The examination of lymph nodes is important for two reasons. First, this information is used to determine the pathologic nodal stage (pN). Second, finding cancer cells in a lymph node increases the risk that cancer cells will be found in other parts of the body in the future. As a result, your doctor will use this information when deciding if additional treatment such as chemotherapy, radiation therapy, or immunotherapy is required.
Pathologists often use the term “positive” to describe a lymph node that contains cancer cells. For example, a lymph node that contains cancer cells may be called “positive for malignancy” or “positive for metastatic carcinoma”.
Pathologists often use the term “negative” to describe a lymph node that does not contain any cancer cells. For example, a lymph node that does not contain cancer cells may be called “negative for malignancy” or “negative for metastatic carcinoma”.
All lymph nodes are surrounded by a thin layer of tissue called a capsule. Extranodal extension means that cancer cells within the lymph node have broken through the capsule and have spread into the tissue outside of the lymph node. Extranodal extension is important because it increases the risk that the tumour will regrow in the same location after surgery. For some types of cancer, extranodal extension is also a reason to consider additional treatment such as chemotherapy or radiation therapy.
The pathologic stage for sinonasal undifferentiated carcinoma is based on the TNM staging system, an internationally recognized system originally created by the American Joint Committee on Cancer. This system uses information about the primary tumour (pT), lymph nodes (pN), and distant metastatic disease (pM) to determine the complete pathologic stage (pTNM). Your pathologist will examine the tissue submitted and give each part a number. In general, a higher number means a more advanced disease and a worse prognosis.
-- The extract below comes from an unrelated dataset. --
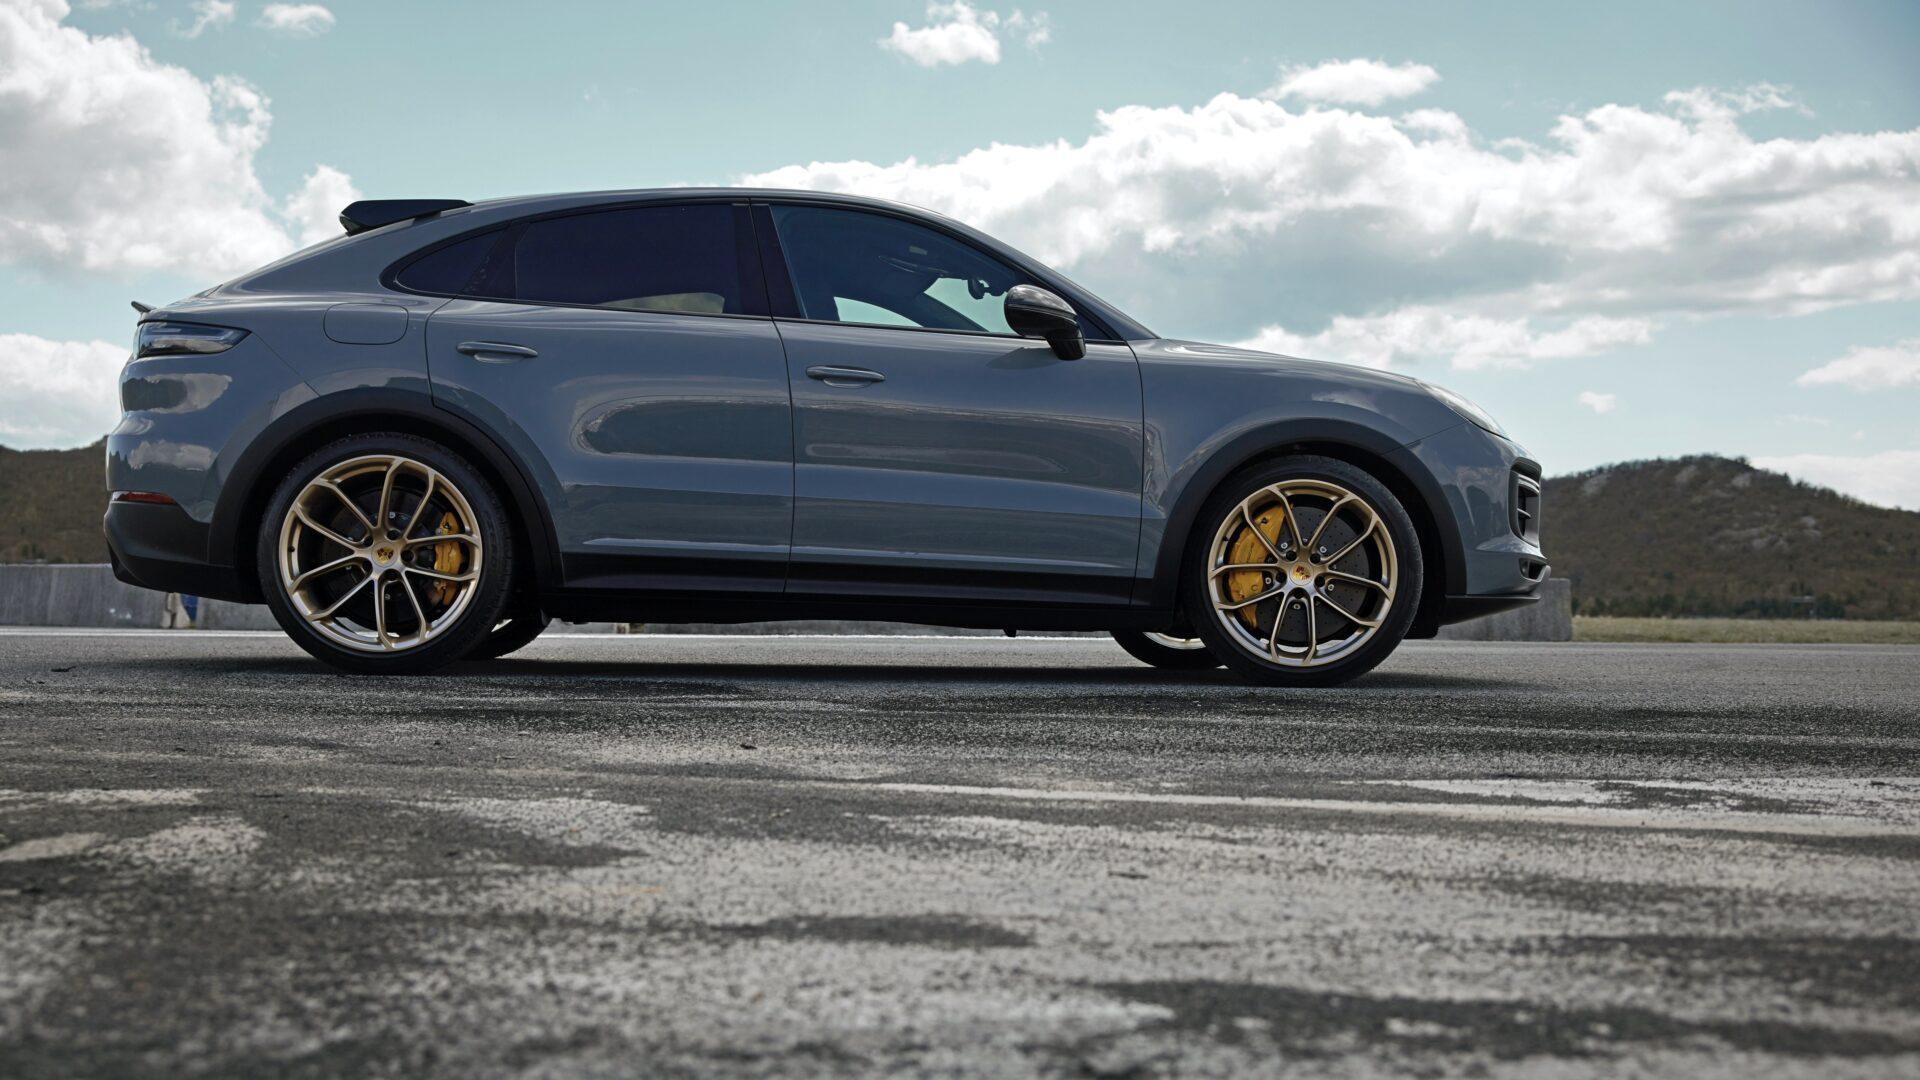 Nuevo Porsche Cayenne Turbo GT perfil

These tumours are given a tumour stage between 1 and 4. The tumour stage is based on how far the tumour has spread outside of the nasal cavity or ethmoid sinus.
These tumours are given a tumour stage between 1 and 4. The tumour stage is based on how far the tumour has spread outside of the maxillary sinus.
These tumours are given a nodal stage between 0 and 3 based on the following three features:
The nodal stage will be higher if any of the tumour deposits are larger than 3 cm, more than one lymph node contains cancer cells, cancer cells are found in lymph nodes on both sides of the neck, and if any of the lymph nodes show extranodal extension.
If no cancer cells are found in any of the lymph nodes examined, the nodal stage is N0.
If no lymph nodes are submitted for pathological examination, the nodal cannot be determined and the stage is listed as NX.
Sinonasal undifferentiated carcinoma is given a metastasis stage (pM) of 0 or 1 based on the presence of cancer cells at a distant site in the body (for example the lungs). The metastatic stage can only be determined if tissue from a distant site is submitted for pathological examination. Because this tissue is rarely present, the metastasis stage cannot be determined and is listed as MX.